• **Task prompt**
Write out the data word for word and drop any picture you find.

--- Data excerpt ---

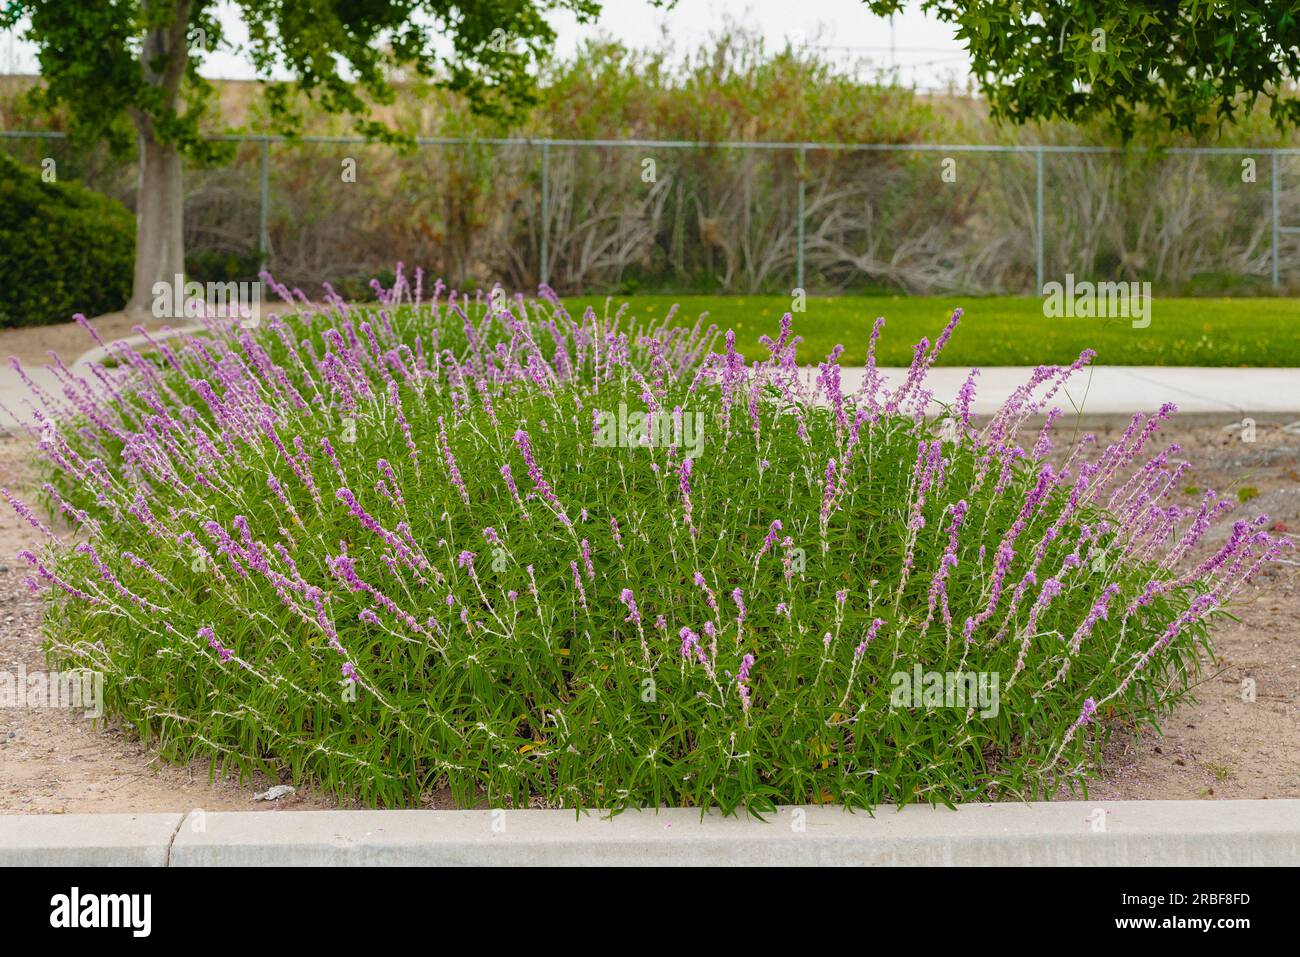 Colorful Mexican bush sage flowers in full bloom in city park. Salvia leucantha (Amethyst sage) flowers close-up Stock Photo
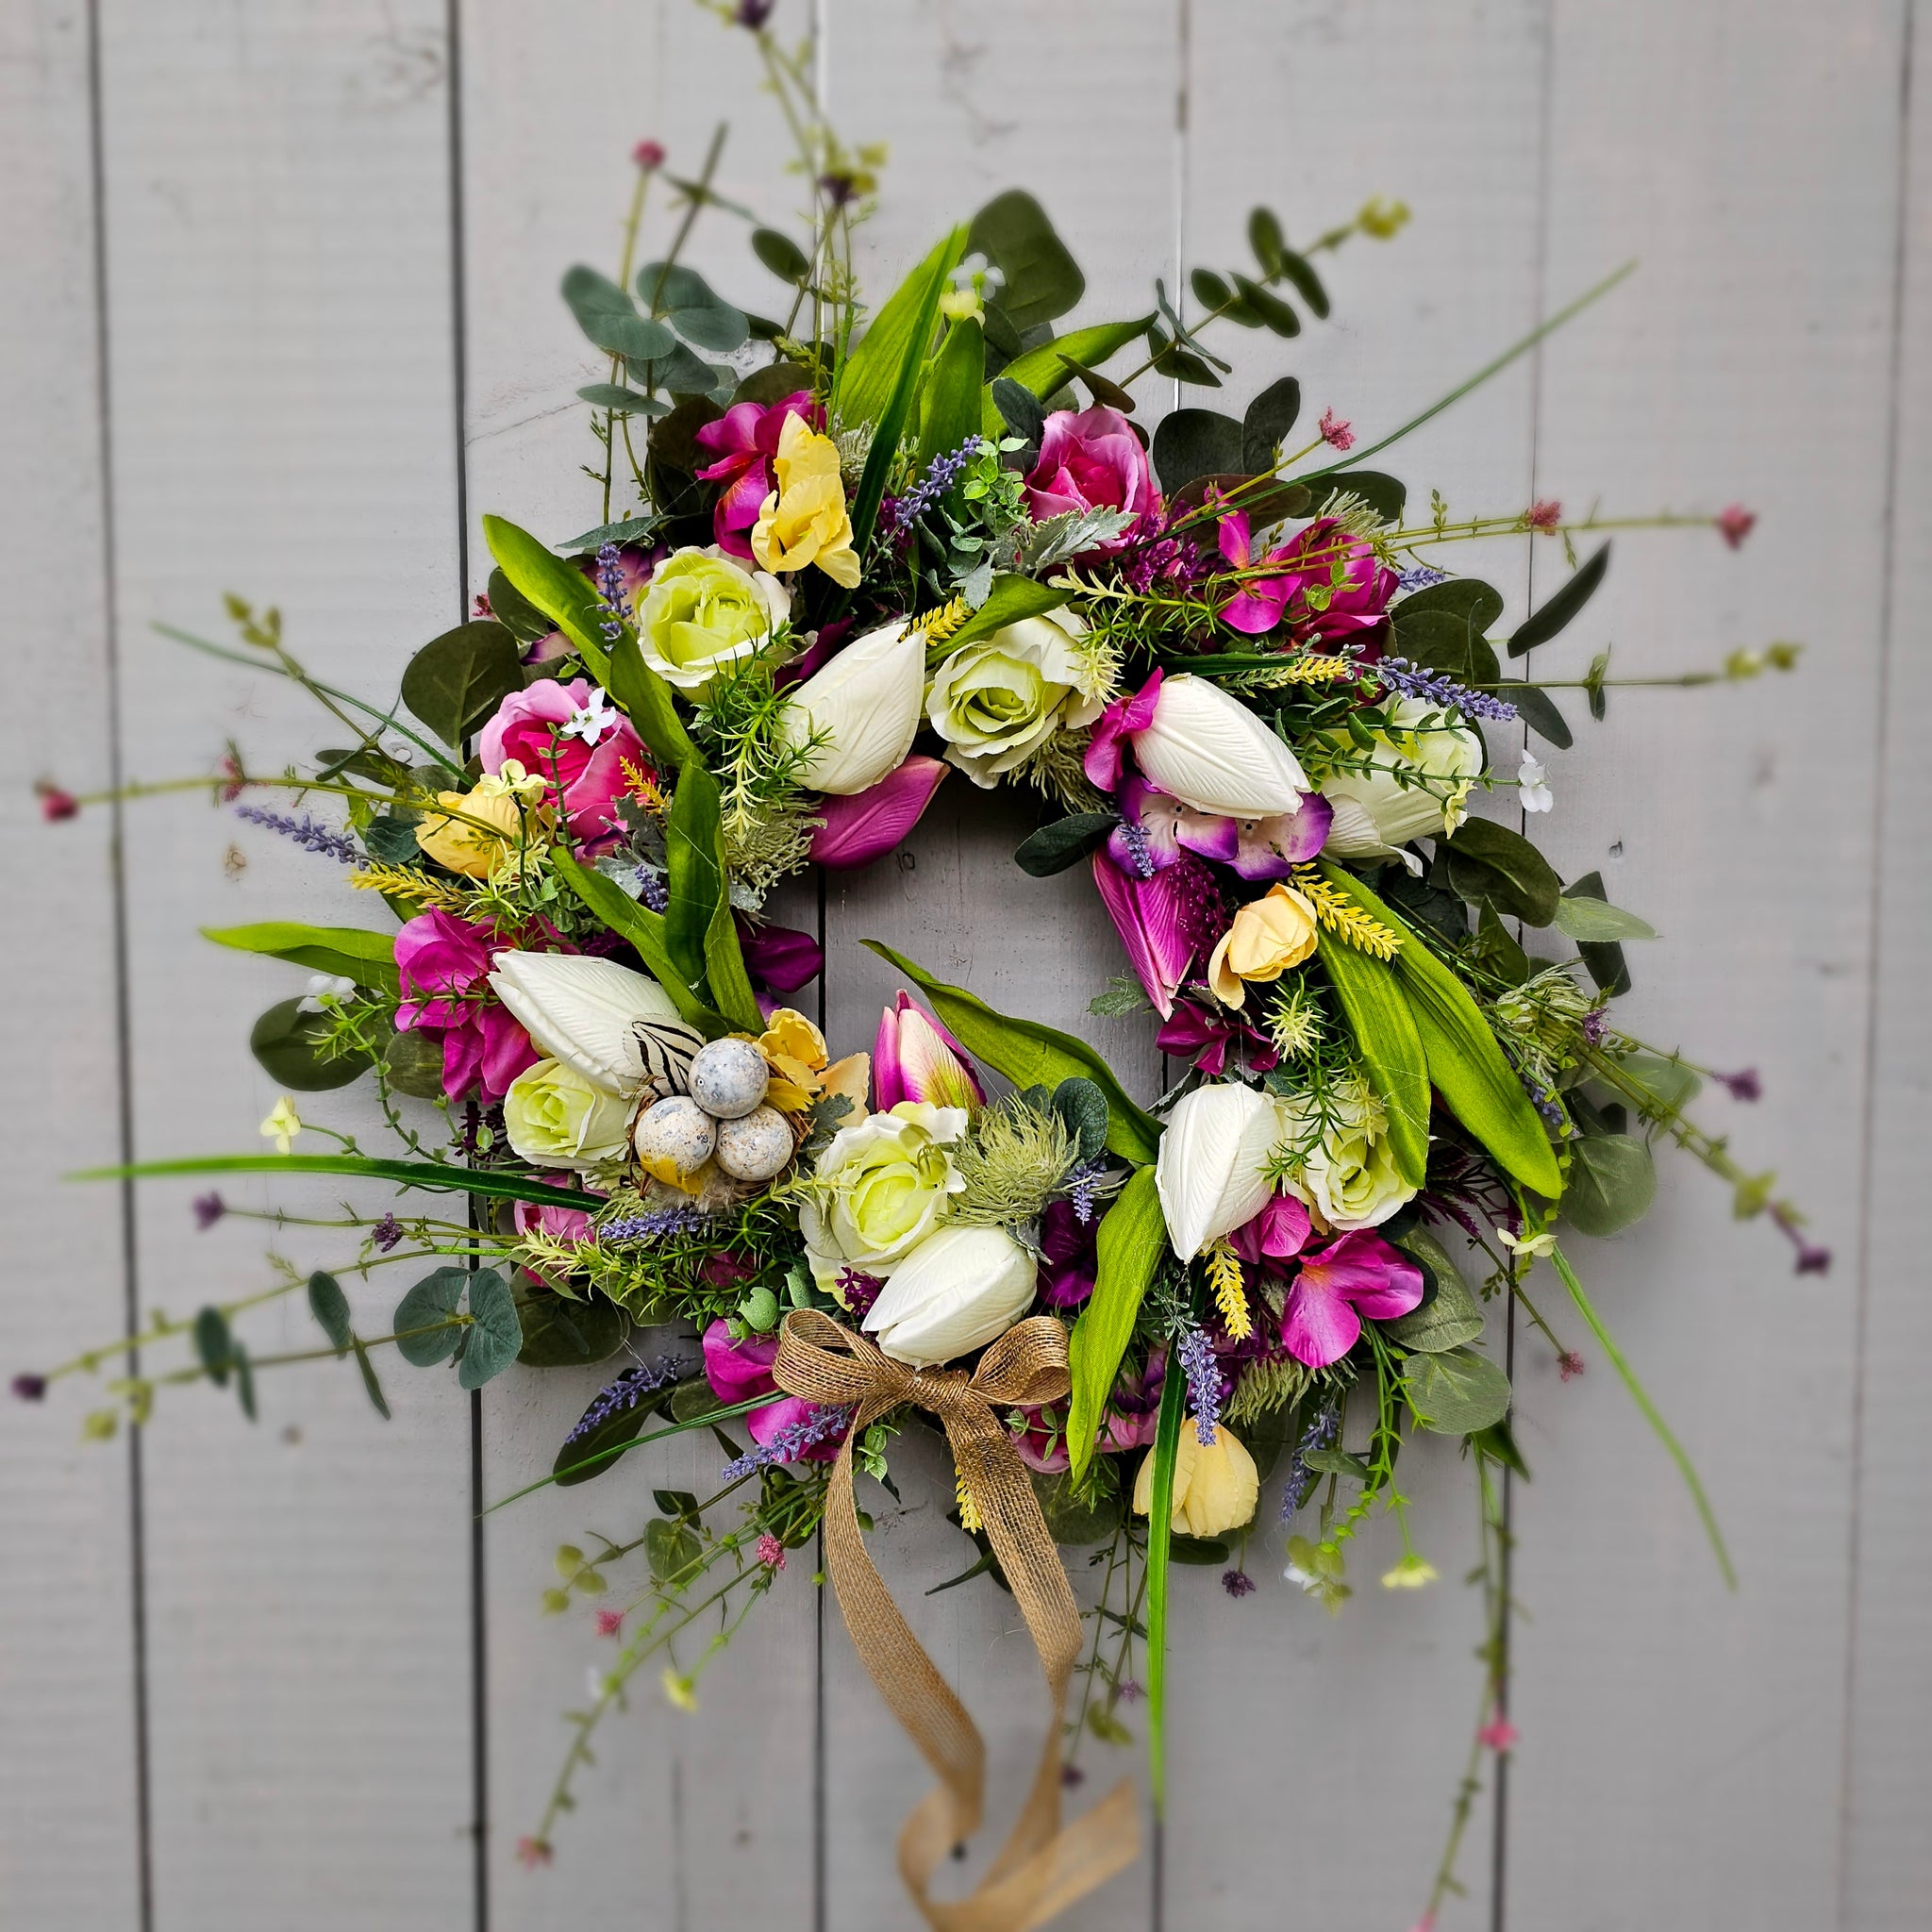 The Easter Tulips Wreath
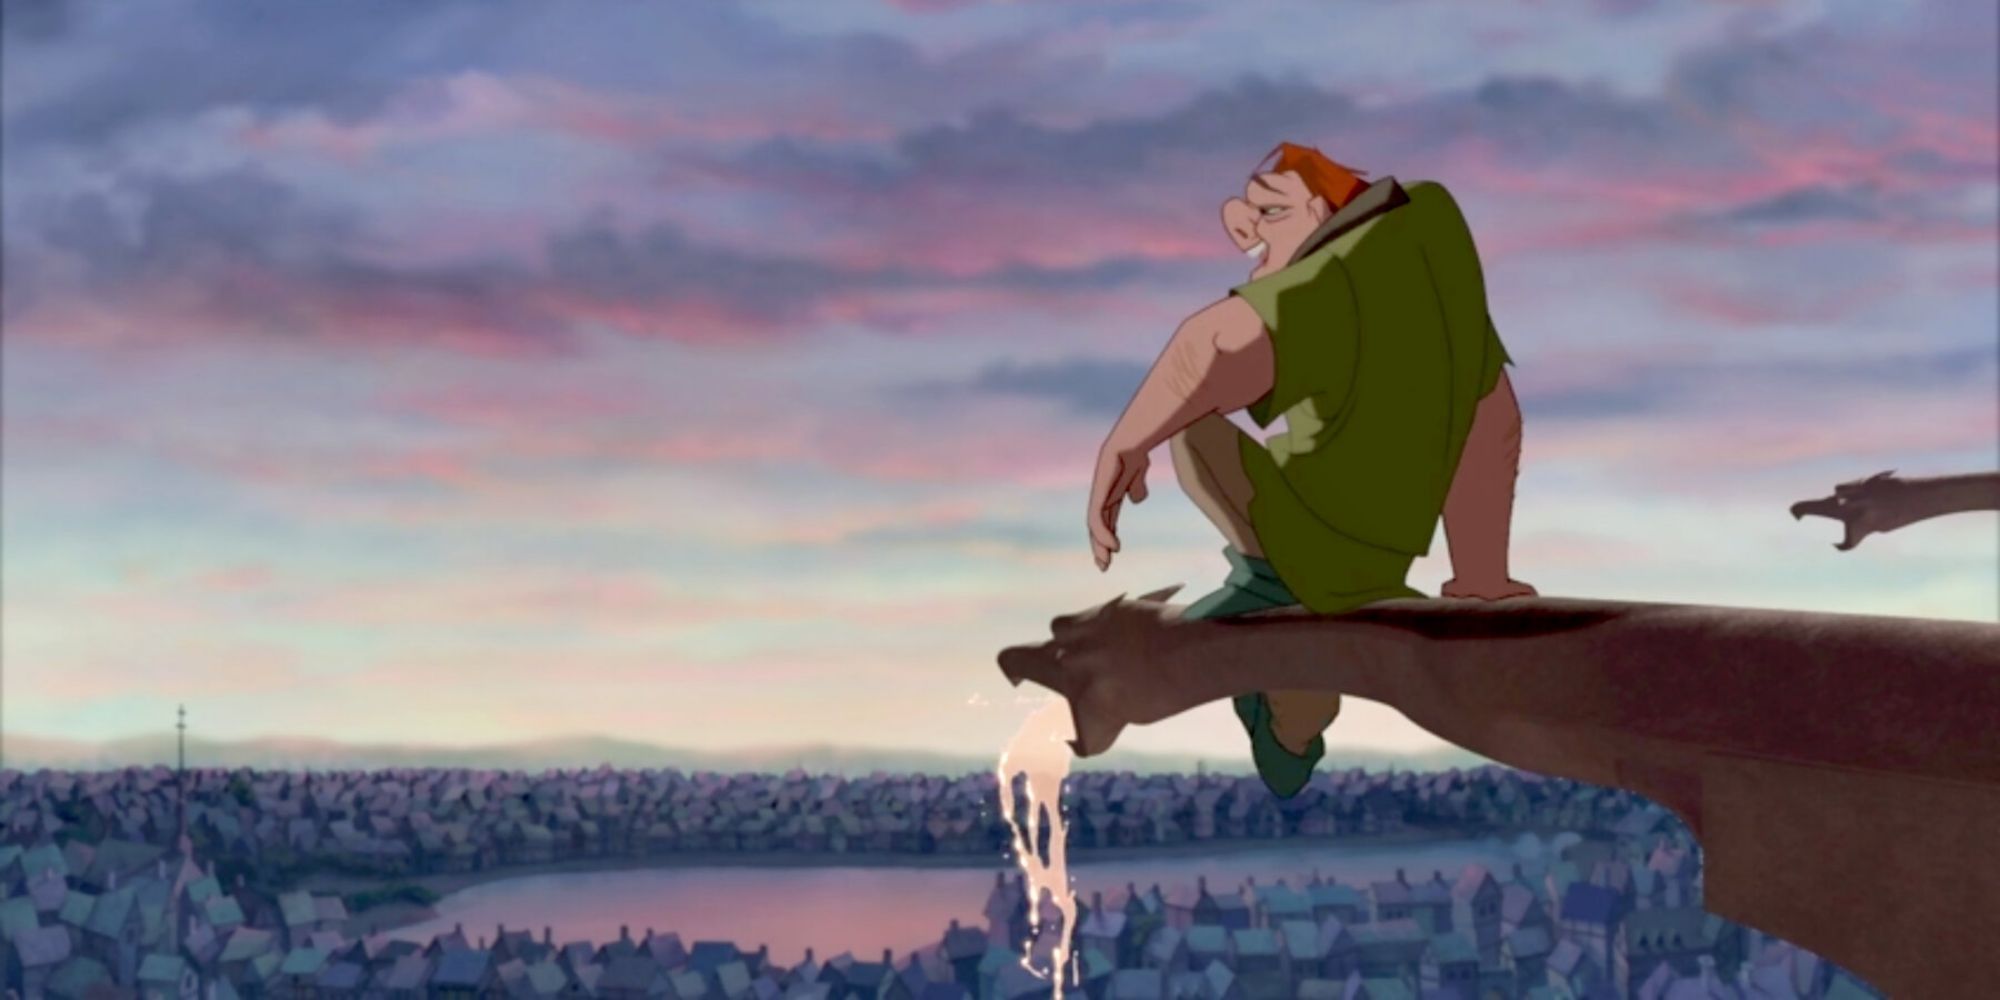 Quasimodo sitting on a gargoyle overlooking Paris in The Hunchback of Notre Dame

---

• **Response to this task**
 Colorful Mexican bush sage flowers in full bloom in city park. Salvia leucantha (Amethyst sage) flowers close-up Stock Photo
 The Easter Tulips Wreath
 Quasimodo sitting on a gargoyle overlooking Paris in The Hunchback of Notre Dame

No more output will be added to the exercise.